**Task item**
Without including any pictures, write out the listing below exactly.

[Opening Input data section]

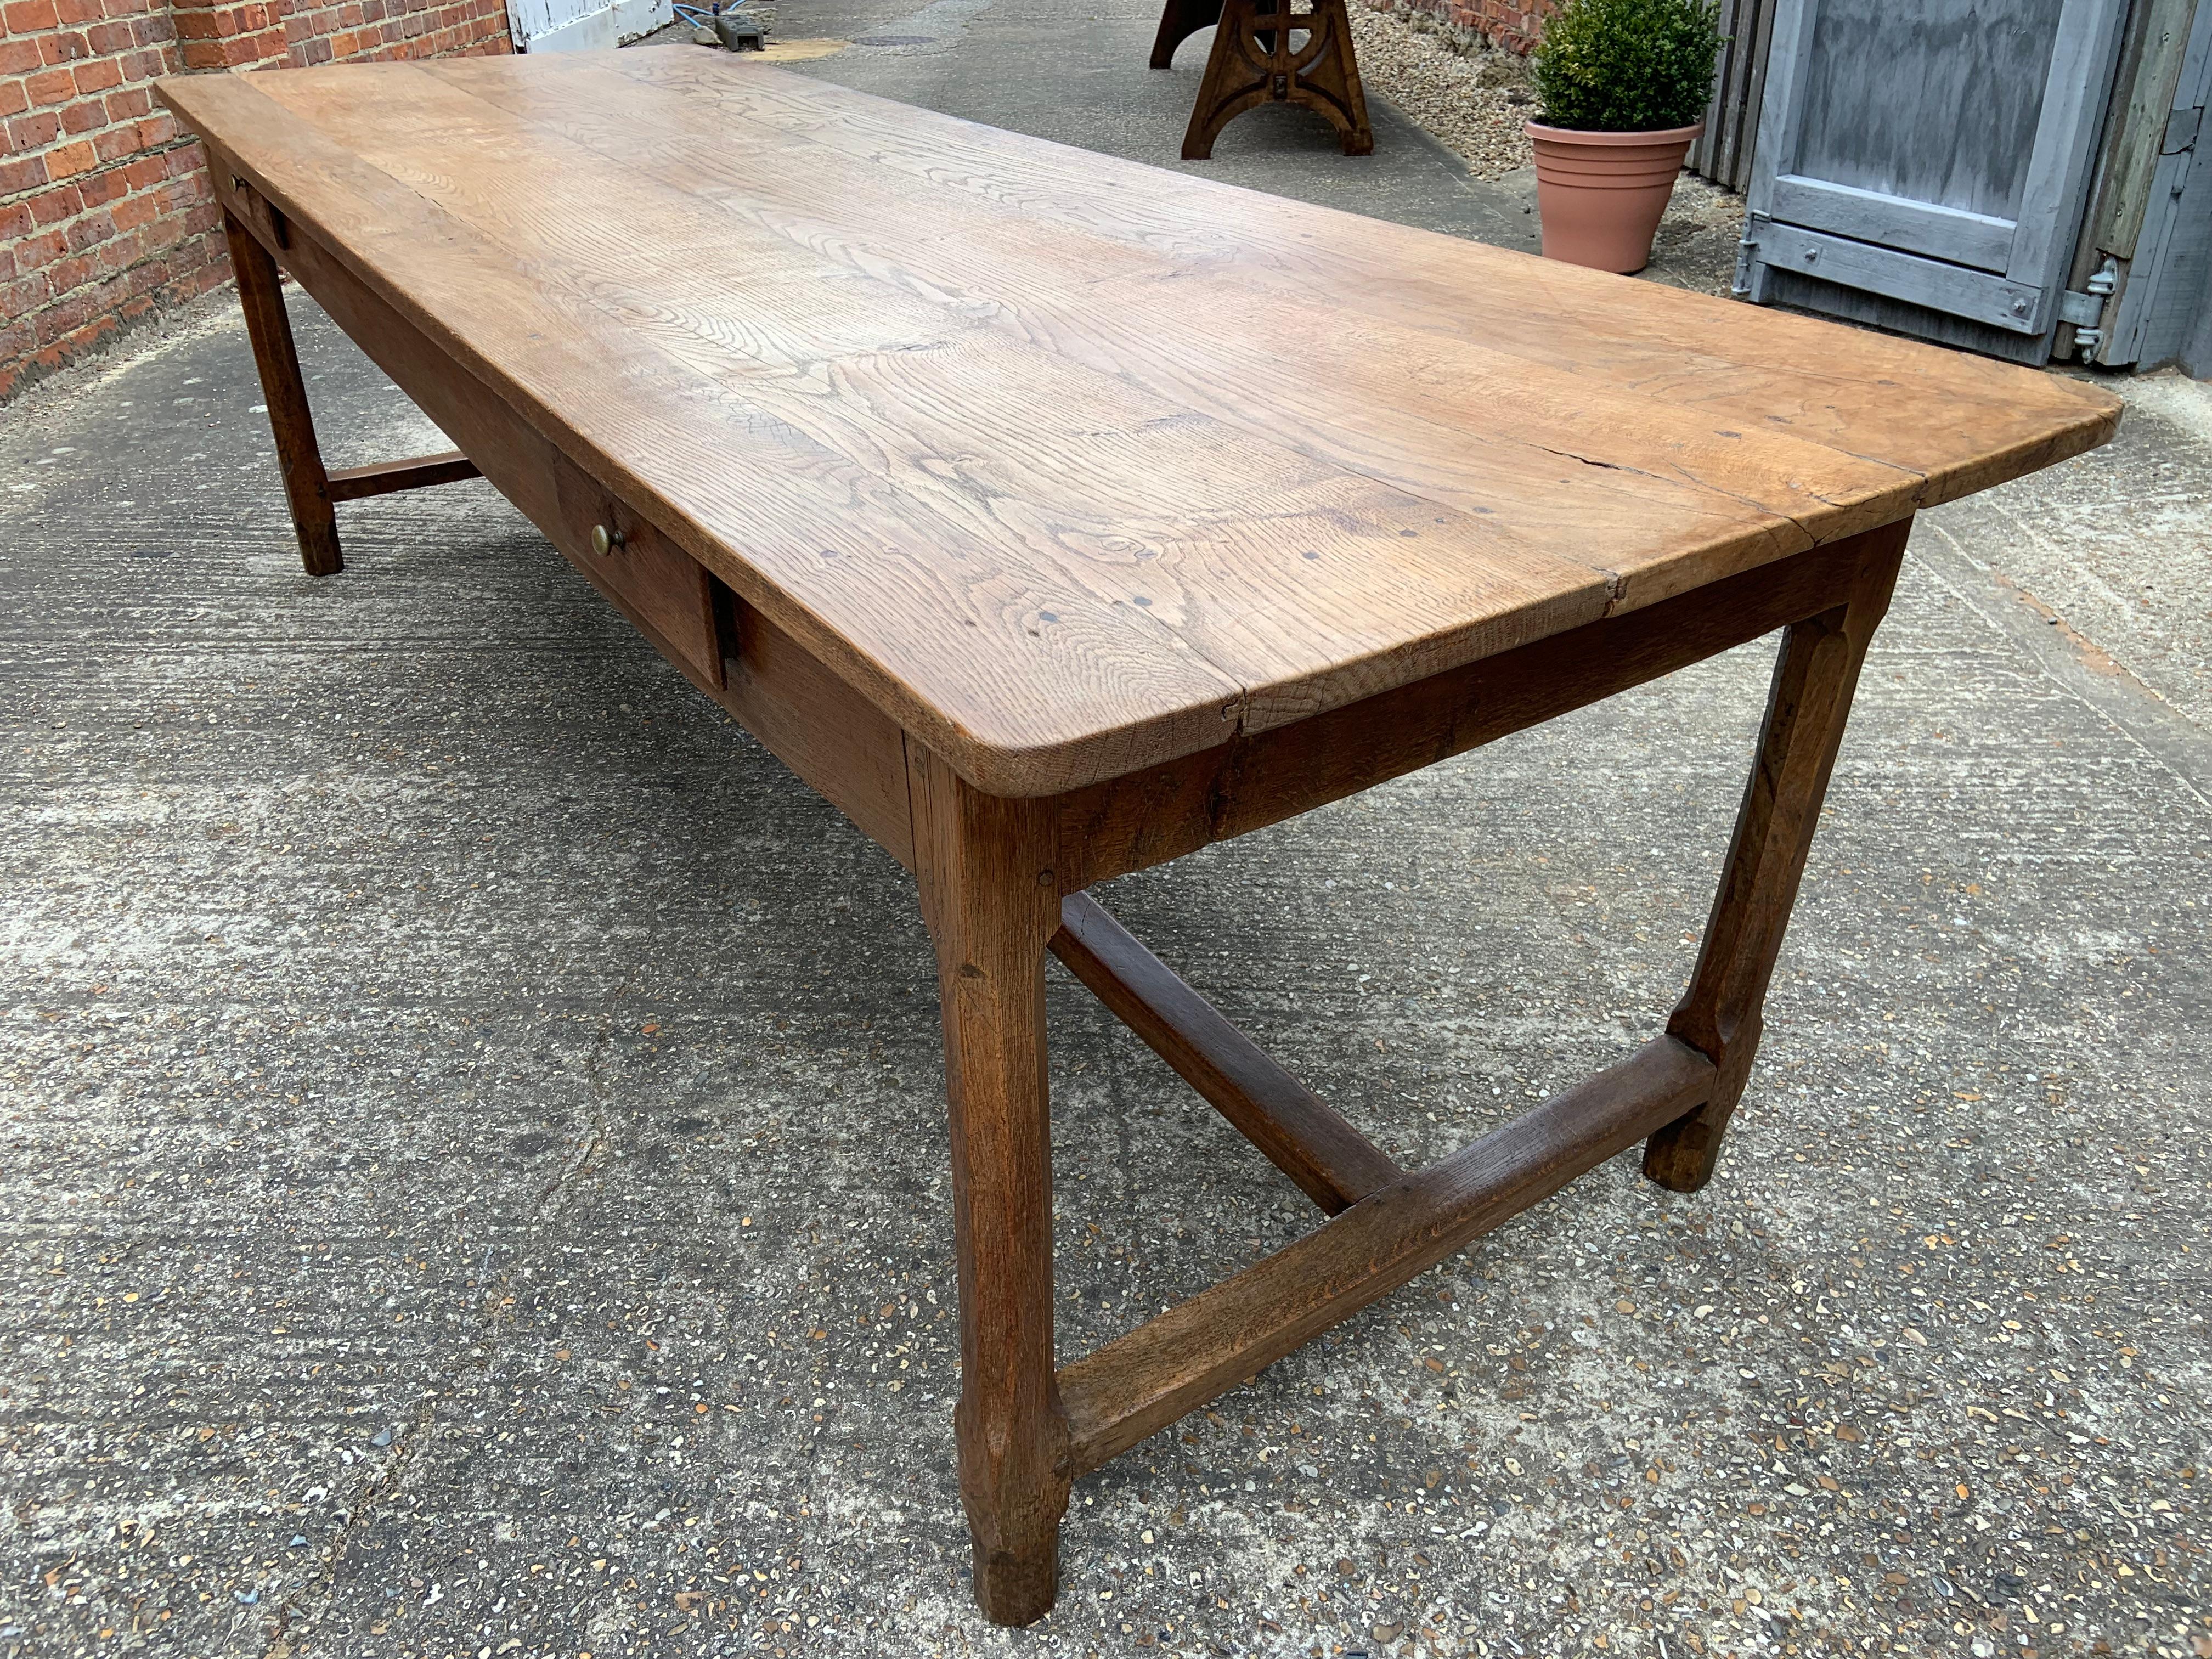 18th century oak farmhouse table with centre stretcher and two side drawers. Beautiful pale coloured top with wide planks and a lot of character. This table has gorgeous patination and stands very well in proportions.
 
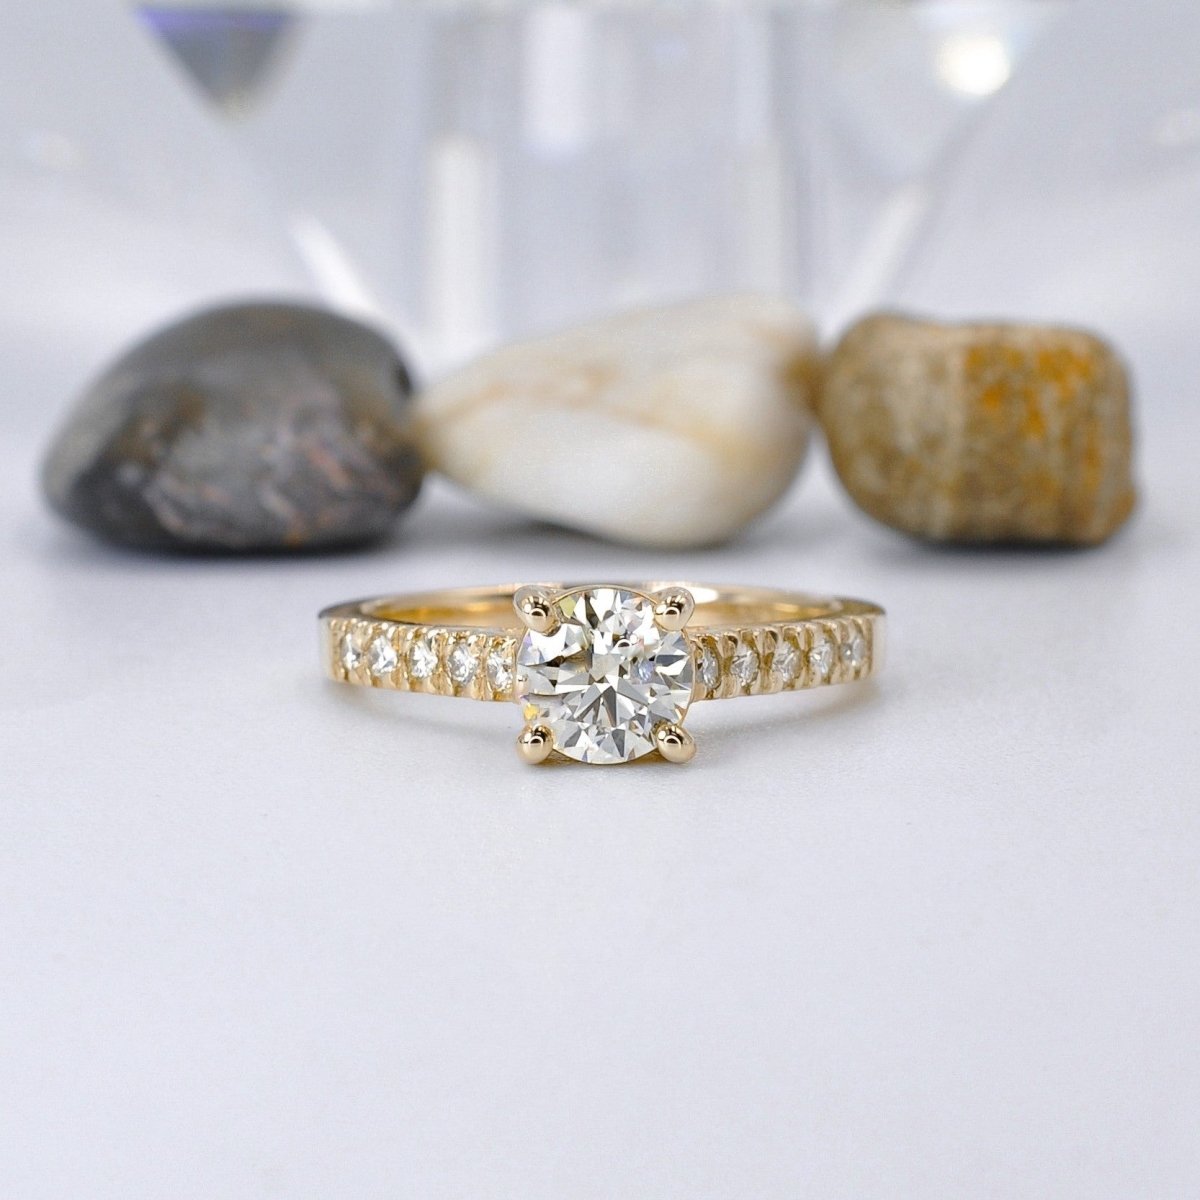 Prestige 1.05CT Round Cut Diamond Engagement Ring in 14KT Yellow Gold - Primestyle.com
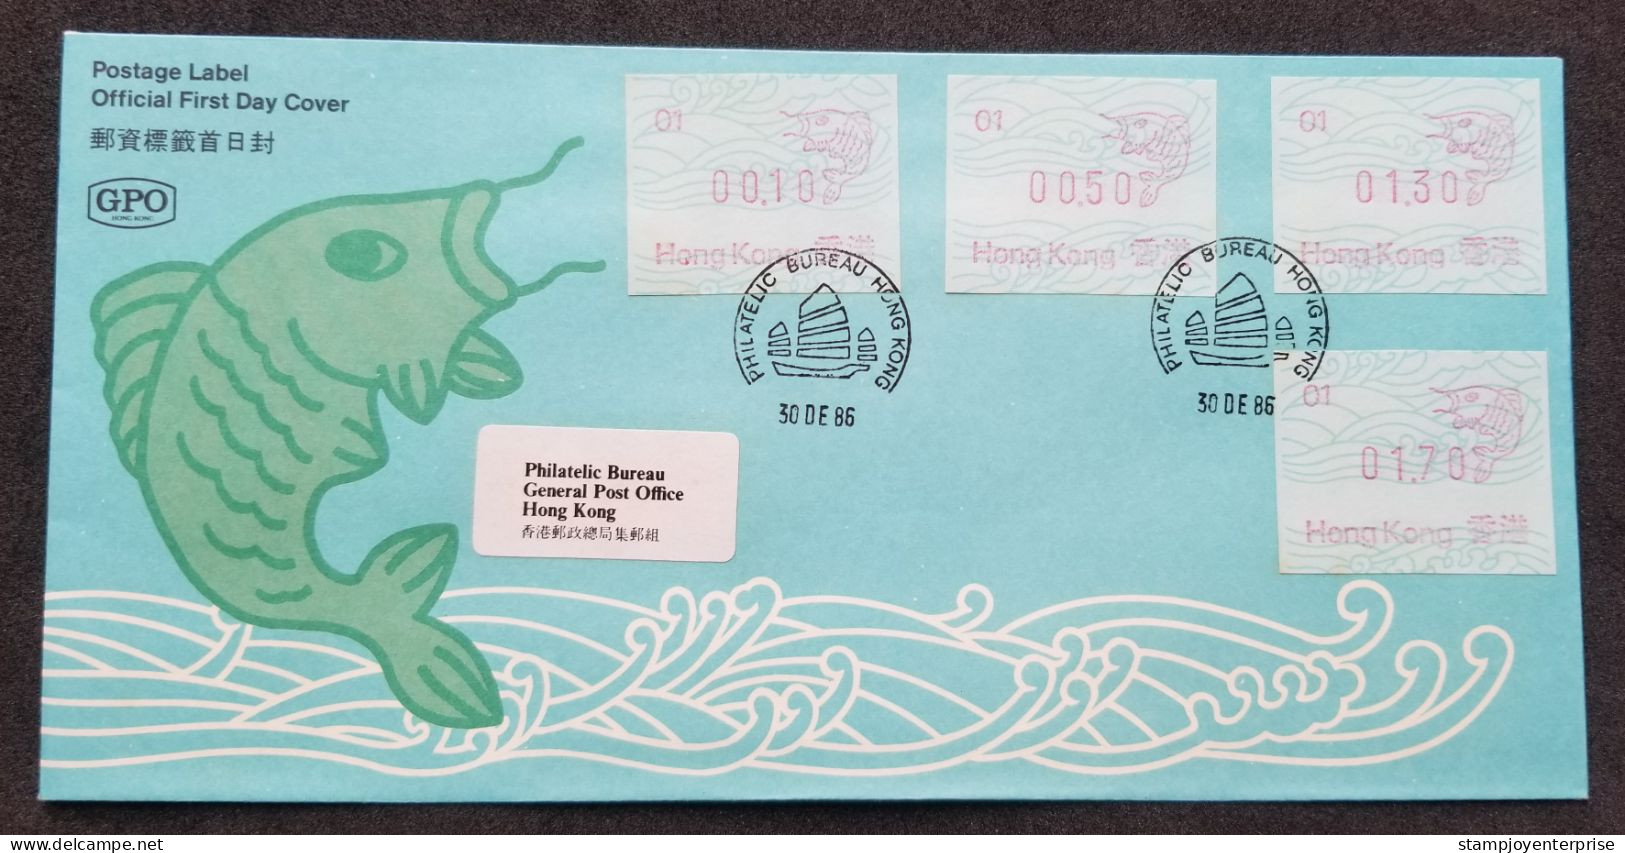 Hong Kong Frama Machine Frame Label Fish 1986 Marine (ATM FDC) *see Scan - Lettres & Documents

[Closing Input data section]

**Result**
 18th century oak farmhouse table with centre stretcher and two side drawers. Beautiful pale coloured top with wide planks and a lot of character. This table has gorgeous patination and stands very well in proportions.
 
 Prestige 1.05CT Round Cut Diamond Engagement Ring in 14KT Yellow Gold - Primestyle.com
 Hong Kong Frama Machine Frame Label Fish 1986 Marine (ATM FDC) *see Scan - Lettres & Documents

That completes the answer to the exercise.